Let us take the mass of the Earth as M and its radius as R. If a body of mass m is present at the surface of the Earth, it experiences a gravitational attraction from the Earth. It can be written as:

$$\rm F = G \frac{Mm}{R^{2}}$$

According to Newton's second law of motion, $\rm F = ma$, where m is the mass of the object that is experiencing the force F.

In our case, the smaller body of mass m is experiencing the force; hence, we can rewrite the expression for force as:

$$\rm F = G \frac{Mm}{R^{2}} = ma$$

This acceleration that is produced on a smaller body due to the gravitational attraction of the Earth is called acceleration due to gravity. So we put $\rm a = g$.
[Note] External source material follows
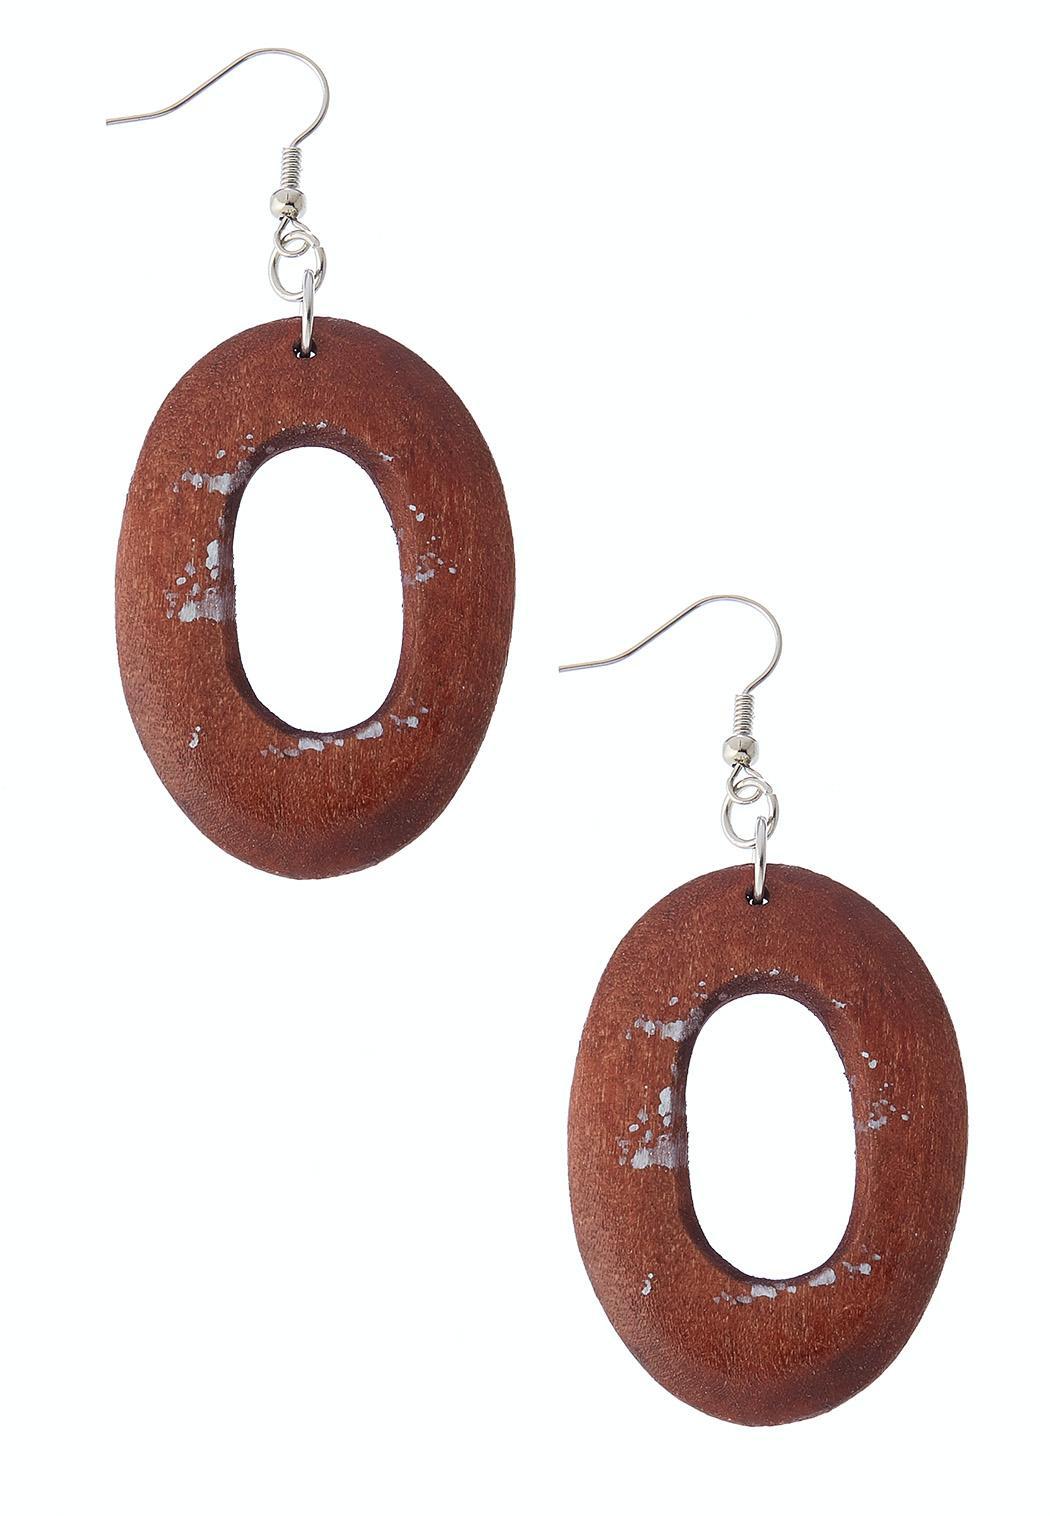 Wood Oval Ring Earrings

$$\rm F = G \frac{Mm}{R^{2}} = mg$$

Taking the last two terms, we get,

$$\rm G \frac{Mm}{R^{2}} = mg$$

$$\rm g = G \frac{M}{R^{2}}$$

The mass of the Earth and the magnitude of the Gravitational Constant remain constant. Hence, the above equation tells us that the acceleration due to gravity is inversely proportional to the square of the distance between the center of the Earth and the object.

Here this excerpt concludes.